Another useful function from the broom package is augment
. This function will add additional information to the original data such as residuals, fitted (predicted) values, and other diagnostic statistics.
diagnostic <- augment(lm(rating ~ factor(group), data = meta_rotten))
diagnostic
## # A tibble: 292 × 7
## rating `factor(group)` .fitted .hat .sigma .cooksd .std.resid
## <int> <fct> <dbl> <dbl> <dbl> <dbl> <dbl>
## 1 74 rottentomatoes 60.8 0.00685 25.4 0.000930 0.519
## 2 85 rottentomatoes 60.8 0.00685 25.4 0.00314 0.954
## 3 80 rottentomatoes 60.8 0.00685 25.4 0.00197 0.756
## 4 18 rottentomatoes 60.8 0.00685 25.3 0.00988 -1.69
## 5 14 rottentomatoes 60.8 0.00685 25.3 0.0118 -1.85
## 6 63 rottentomatoes 60.8 0.00685 25.5 0.0000249 0.0849
## 7 42 rottentomatoes 60.8 0.00685 25.4 0.00191 -0.744
## 8 86 rottentomatoes 60.8 0.00685 25.4 0.00340 0.993
## 9 99 rottentomatoes 60.8 0.00685 25.4 0.00783 1.51
## 10 89 rottentomatoes 60.8 0.00685 25.4 0.00426 1.11
## # … with 282 more rows
These could then be plotted to explore more information about model fit. For example a histogram of the standardized residuals are often useful.

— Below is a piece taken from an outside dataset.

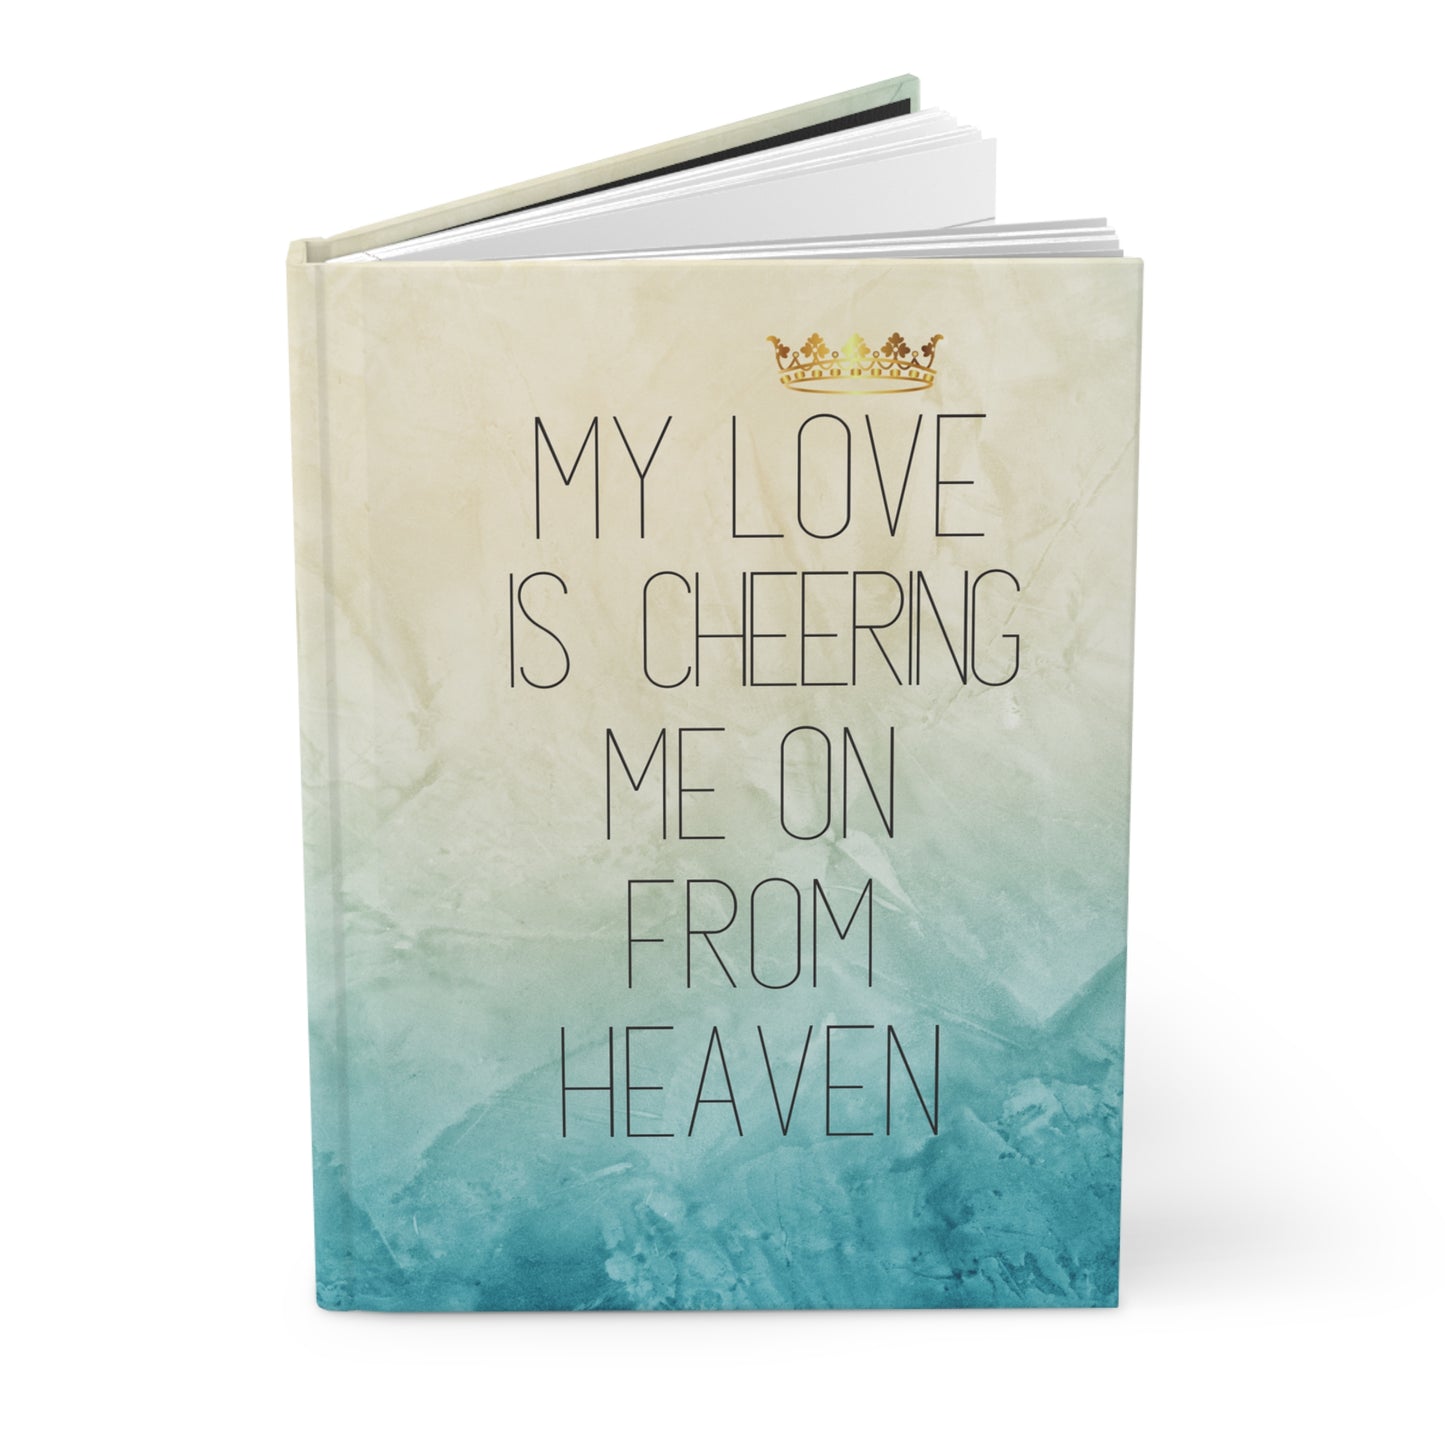 Grief Journal for Loss of Loved One, Cheering Me On From Heaven

ggplot(diagnostic, aes(.std.resid)) +
geom_histogram(bins = 30, color = 'white') +
theme_bw()
For this model, boxplots of the standardized residuals by the two groups can also be informative:
ggplot(diagnostic, aes(`factor(group)`, .std.resid)) +
geom_boxplot() +
geom_jitter() +
coord_flip() +
theme_bw()
We will explore more details on predicted or fitted values later.
Lastly, the augment
function can be useful, however I personally do not like the naming convention used by the function. I want to point you to two additional functions from the modelr package that can be useful for predicted (add_predictions
) and residual values (add_residuals
).
For example, to add the residuals to the original data:
meta_rotten %>%
add_residuals(lm(rating ~ factor(group), data = meta_rotten))
## # A tibble: 292 × 5
## film year group rating resid
## <chr> <dbl> <chr> <int> <dbl>
## 1 Avengers: Age of Ultron 2015 rottentomatoes 74 13.2
## 2 Cinderella 2015 rottentomatoes 85 24.2
## 3 Ant-Man 2015 rottentomatoes 80 19.2
## 4 Do You Believe? 2015 rottentomatoes 18 -42.8
## 5 Hot Tub Time Machine 2 2015 rottentomatoes 14 -46.8
## 6 The Water Diviner 2015 rottentomatoes 63 2.15
## 7 Irrational Man 2015 rottentomatoes 42 -18.8
## 8 Top Five 2014 rottentomatoes 86 25.2
## 9 Shaun the Sheep Movie 2015 rottentomatoes 99 38.2
## 10 Love & Mercy 2015 rottentomatoes 89 28.2
## # … with 282 more rows
Exercises
- Fit a new model using the
fandango
data that attempts to explain the metacritic ratings with the imdb rating. Explore the distribution of residuals. Does there appear to be problems with these residuals? - Using the model from #1, create a scatterplot that displays the residuals by the predictor variable. Are there problems with this plot that we should be concerned with?